From the user’s point of view, embedded finance has the clear advantage of expanding the offering and striving for more accessible, simple, and personalized services. Even from the point of view of a company that decides to offer financial services, there are several advantages, including:

  • new revenue channels generated by the offer of integrated financial services;
  • customer loyalty through a more engaging experience; getting more customer experience data to serve them better and better;
  • last but not least, satisfied customers are more likely to spend money, thereby increasing revenue.

With access to vast amounts of user data, e-commerce giants can create unique financial products that can be easily made available to customers.

Consider an example of such technologies and their impact on our lives. Stripe is an American company that allows companies and individuals to send and receive payments over the Internet, launched Stripe Treasury. Stripe Treasury is a banking as a service API that allows you to embed financial services into your marketplace or platform.

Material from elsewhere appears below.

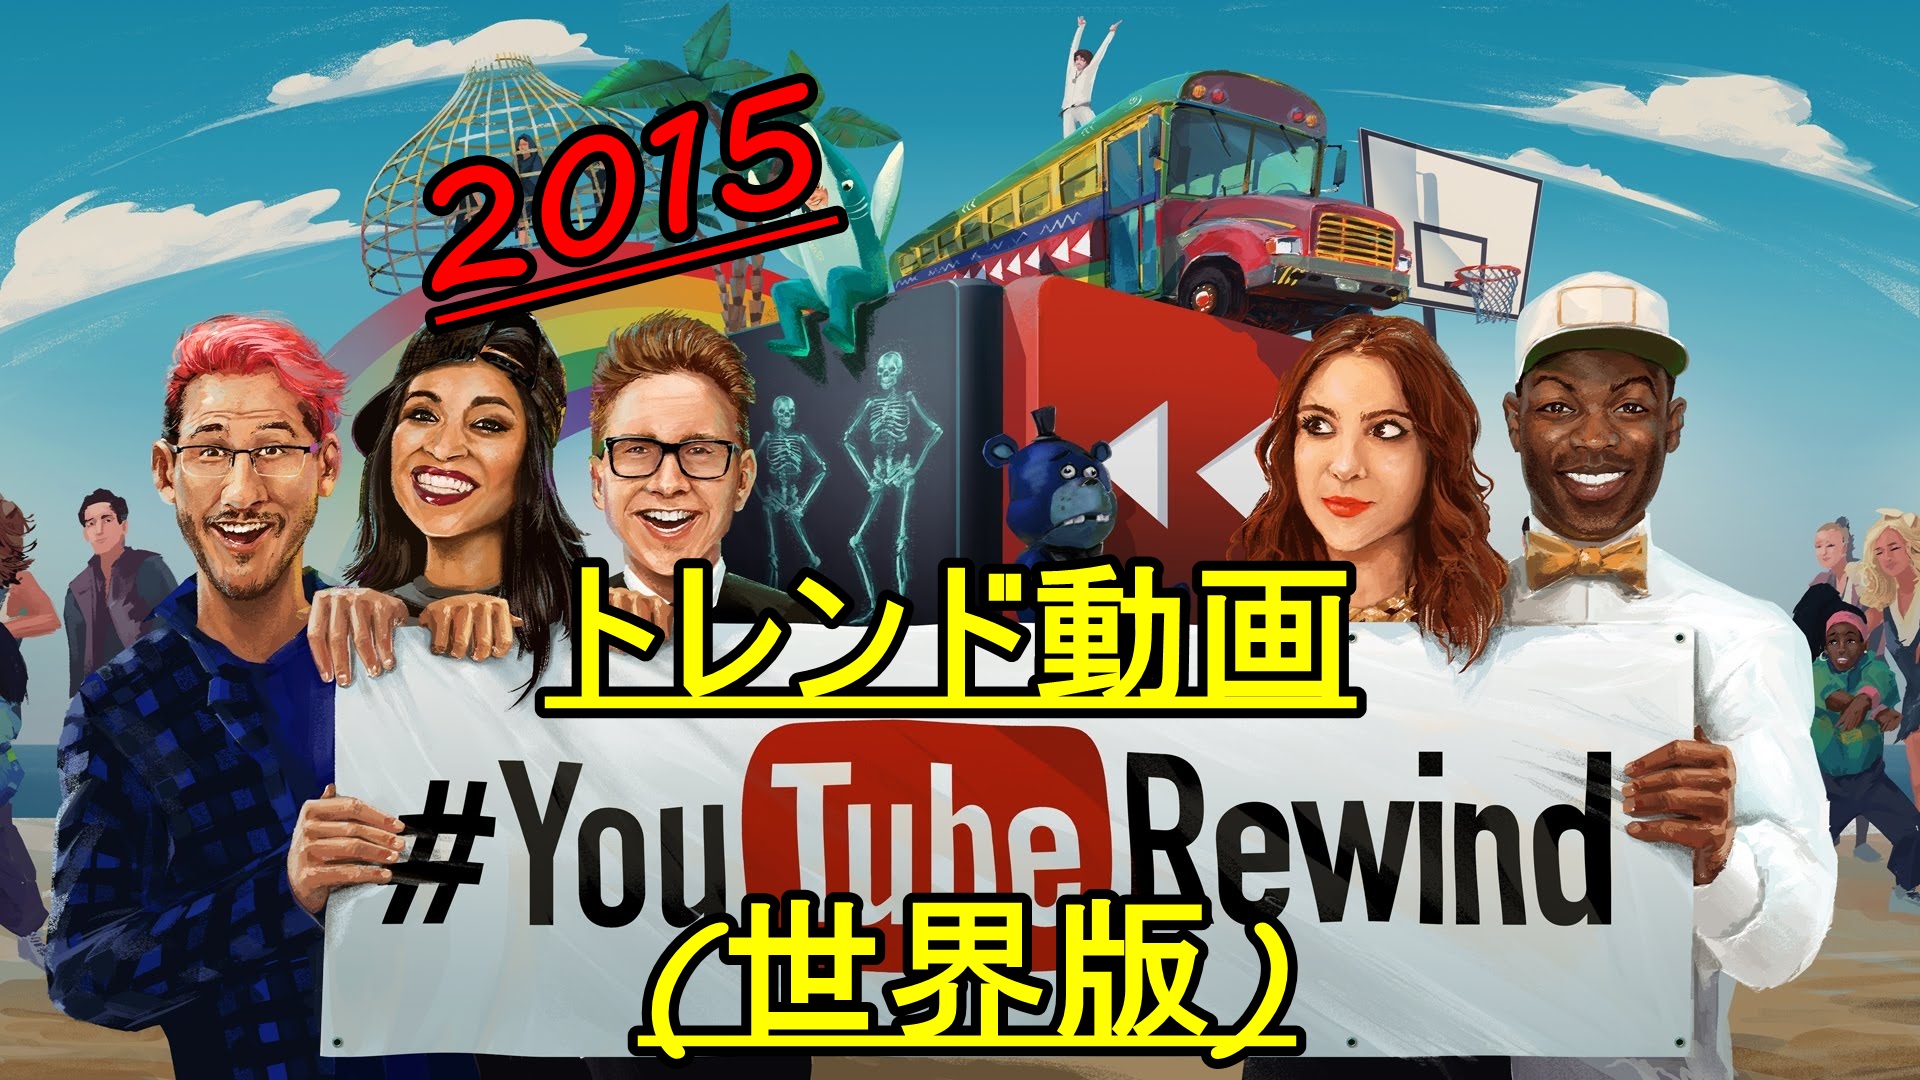 2015年世界で最も再生されたYouTube動画ランキング!世界はスゲェ!!

In other words, Stripe customers will be able to provide financial services to their customers.


Therefore, open banking and integration with various financial instruments will be a great opportunity to improve the level of user experience, provide more convenient payment methods for your customers, and further increase your income. A progressive idea, open banking challenges preconceived notions about banking services.

By giving users and businesses simple access to financial data and services via third-party apps and platforms, it expands their options. Open banking encourages creativity, rivalry, and a better consumer experience. Users can get individualized financial advice from it, manage all of their accounts and transactions in one location, and businesses can provide more cutting-edge goods and services.

Users will have more control over their finances and more opportunities to achieve their financial goals as a result of the new era of collaboration that open banking is ushering in between banks, fintech start-ups, and other financial industry participants.